« Le moment est venu de nous expliquer en famille », écrit Claudel dans Une voix sur Israël, opuscule détaché de l’Évangile d’Isaïe auquel travaillait l’auteur du Partage de Midi, en 1949, à l’issue de la guerre opposant les Arabes à l’État qui venait de naître – surgissement théologico-politique donnant à Claudel l’occasion de rappeler que, dès les années 1930, il a vu dans le nazisme une forme d’islam, ce que confirmeront plus tard les propos de Hitler rapportés par Albert Speer. De quelle famille s’agit-il ? De ce qu’on appelle aujourd’hui le judéo-christianisme, sans toujours bien savoir de quoi il est question, en ces temps d’œcuménisme et de « tolérance » abhorrée par Claudel. Mieux vaut donc parler d’une nouvelle alliance entre juifs et chrétiens.
Dans la coïncidence qui nous est annoncée de la réconciliation des Juifs et de la plénification, disons périphérique, de la Chrétienté, il n’y a pas de hasard, il y a un travail réciproque de cause à effet.
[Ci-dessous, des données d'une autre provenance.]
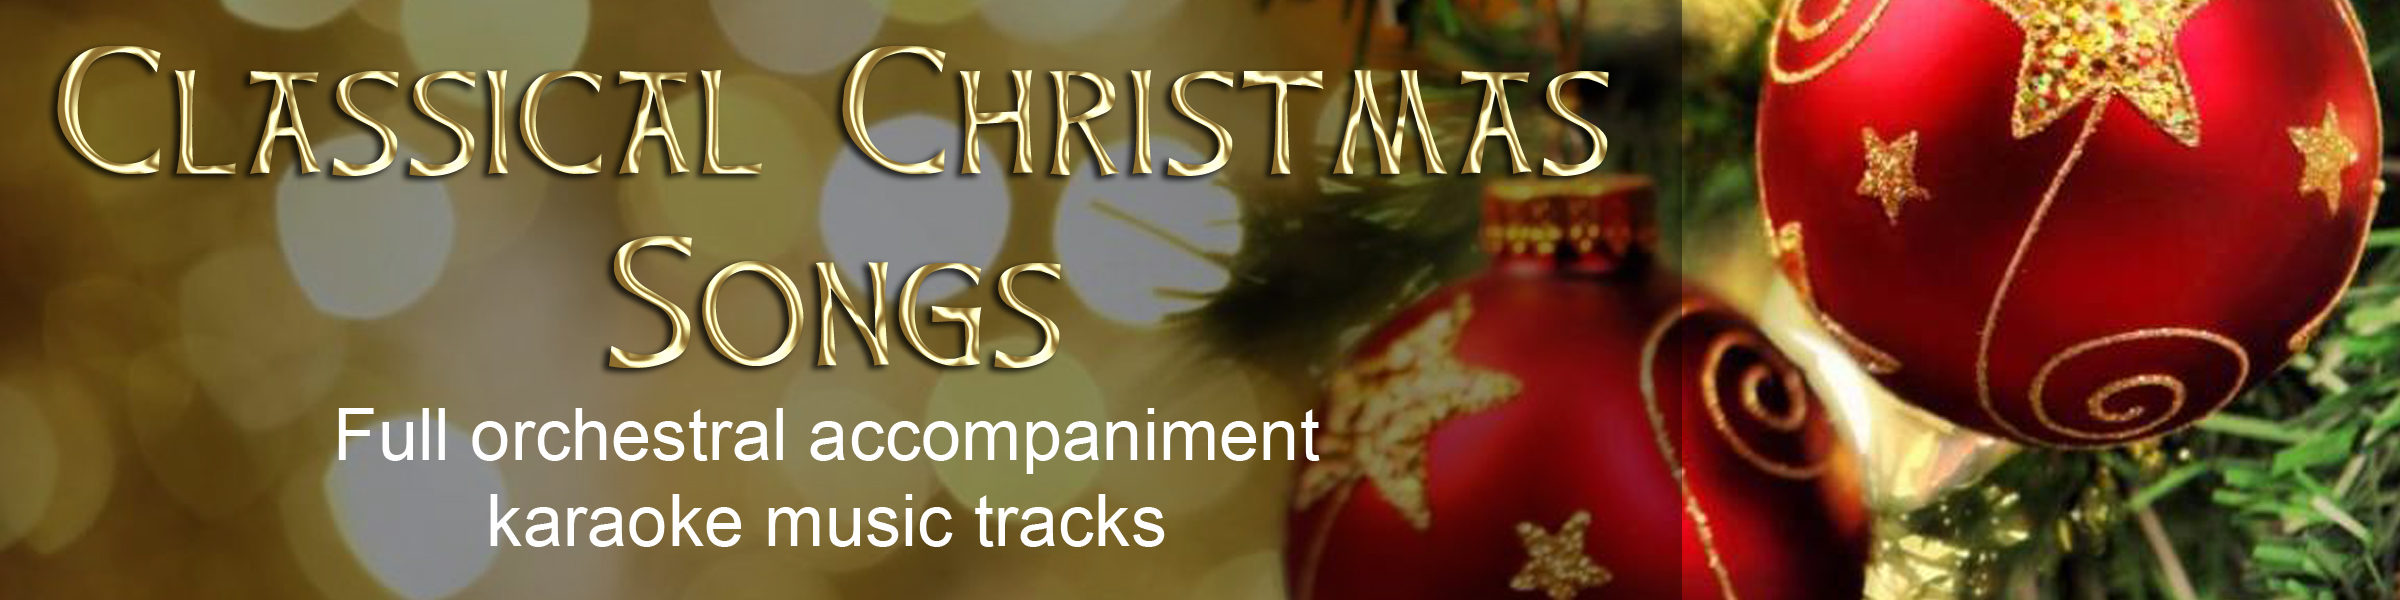 Classical Christmas songs, Full Orchestral Accompaniment (karaoke) tracks

Un texte irrigué, irradié même par l’Ancien Testament comme par le Nouveau, et qui n’hésite pas devant ce qui s’avance comme paradoxe mais qui est un craie de lumière violente et douce, à savoir cette « vocation d’Israël à la possession du monde, et comment l’appeler autrement qu’une vocation catholique ? » Un texte aussi déroutant, splendide et nécessaire que Le Salut par les Juifs de Léon Bloy – Claudel et Bloy admirés par Levinas, rappelle Fabrice Hadjaj, dans Claudel plus que sioniste ou La Vocation catholique d’Israël : lumineuse et dense postface au texte claudélien, et l’une des plus hautes méditations qu’il m’ait été donné de lire sur les liens de sang du judaïsme et du catholicisme – le sionisme, lui, pouvant être considérée comme « la plus grande résistance politique possible au transhumanisme contemporain.»
Clara Lukowska, La Revue littéraire n°70, novembre-décembre 2017.
• Paul Claudel, Une voix sur Israël (et son écho par Fabrice Hadjadj), Les provinciales, 2017.